The fifth eldest, Hannibal Gaddafi, once worked for General National Maritime Transport Company, a company that specializes in Libyan oil exports. He is most notable for being involved in a series of violent incidents throughout Europe, including charges against him for beating up his then pregnant girlfriend, Alin Skaf. (In September 2004, Hannibal was involved in a police chase in Paris.) On July 15, 2008, Hannibal and his wife were held for two days and charged with assaulting two of their staff in Geneva, Switzerland and then released on bail on July 17. As a result, unless the Swiss government apologizes for the arrest, the government of Libya put a boycott on Swiss imports, reduced flights between Libya and Switzerland, stopped issuing visas to Swiss citizens, recalled diplomats from Bern, and forced all Swiss companies such as ABB and Nestlé to close offices and their staff arrested.
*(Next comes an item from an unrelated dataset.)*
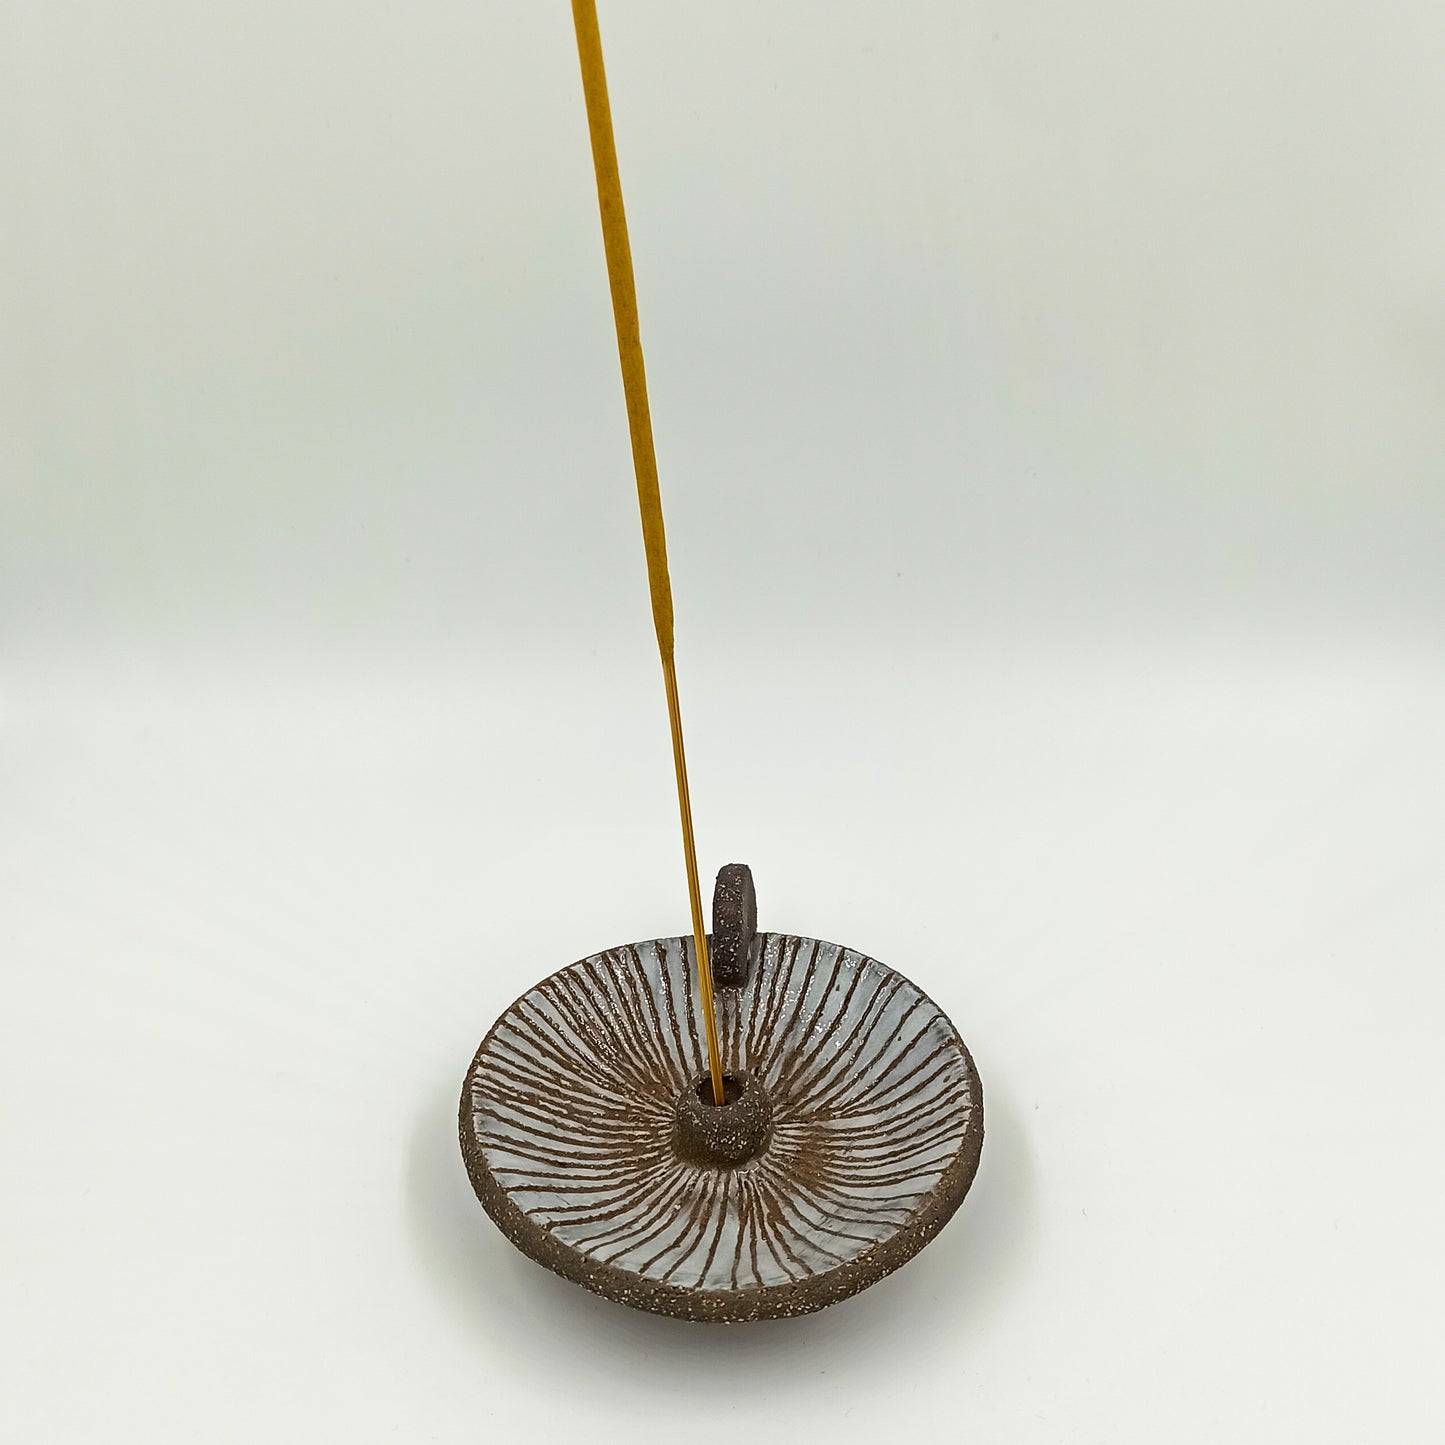 Ceramic incense holder Pottery incense burner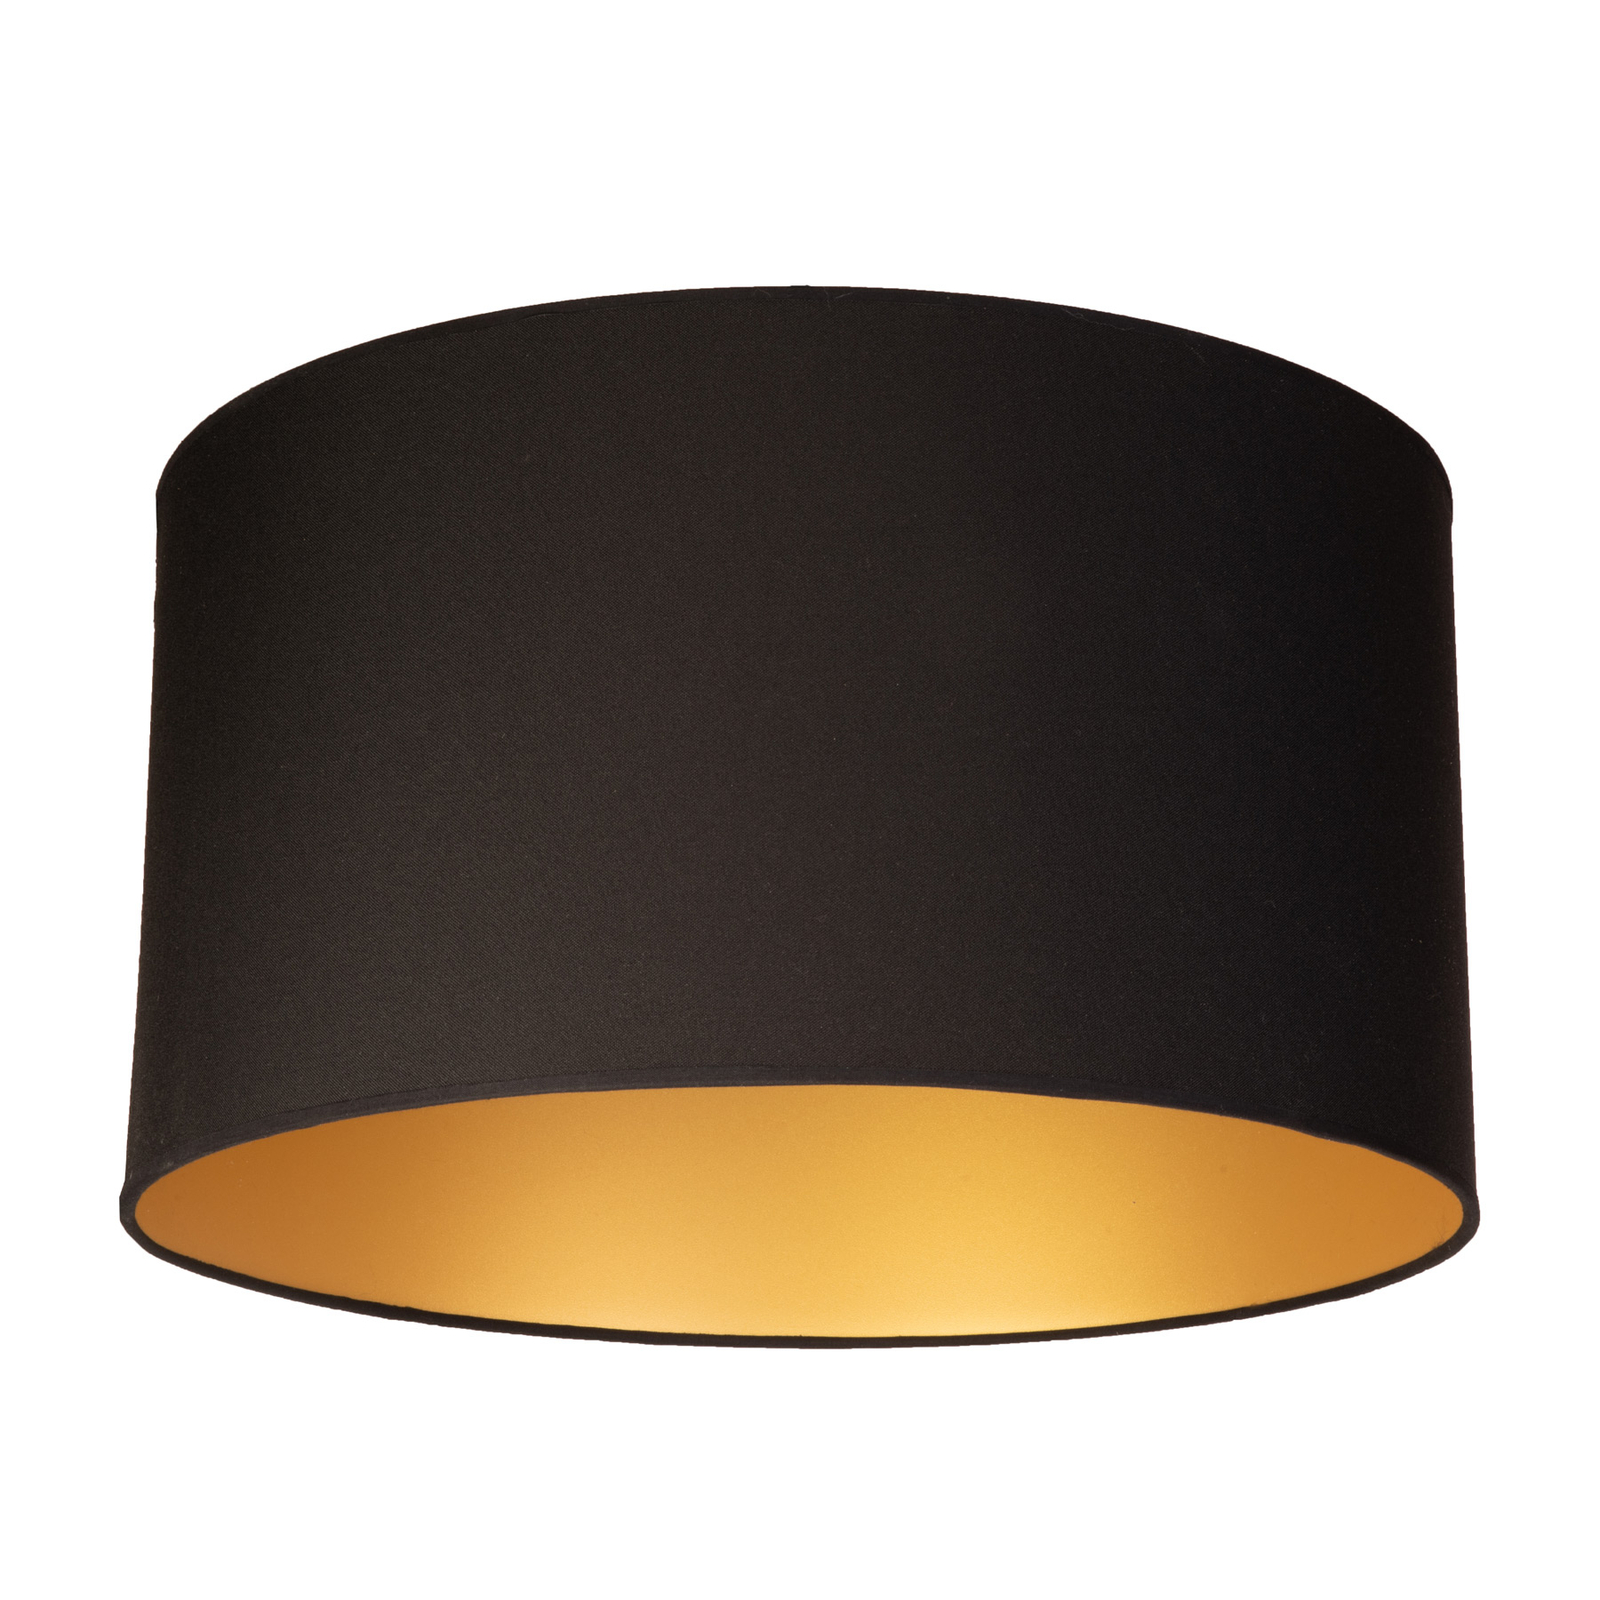 Lampa sufitowa Roller Ø60cm, czarna/złota

General National Maritime Transport Company, which owns a large refinery in Switzerland, also halted oil shipments to Switzerland.
Gaddafi's two youngest sons are Saif Al Arab and Khamis, who is a police officer in Libya.
Gaddafi's only daughter is Aisha Gaddafi, a lawyer who had joined the defense team of executed former Iraqi leader Saddam Hussein. She married a cousin of her father in 2006.
His reportedly adopted daughter, Hanna, was killed in the June 1986 United States bombing of Libya. At a "concert for peace", held on April 15, 2006 in Tripoli to mark the 20th anniversary of the bombing raid, U.S. singer Lionel Richie told the audience:
In January 2002, Gaddafi purchased a 7.5% share of Italian football club Juventus for USD 21 million, through Lafico ("Libyan Arab Foreign Investment Company"). This followed a long-standing association with the Italian industrialist Gianni Agnelli and car manufacturer Fiat.
Gaddafi holds an honorary degree from Megatrend University in Belgrade conferred on him by former Yugoslav President Zoran Lilić.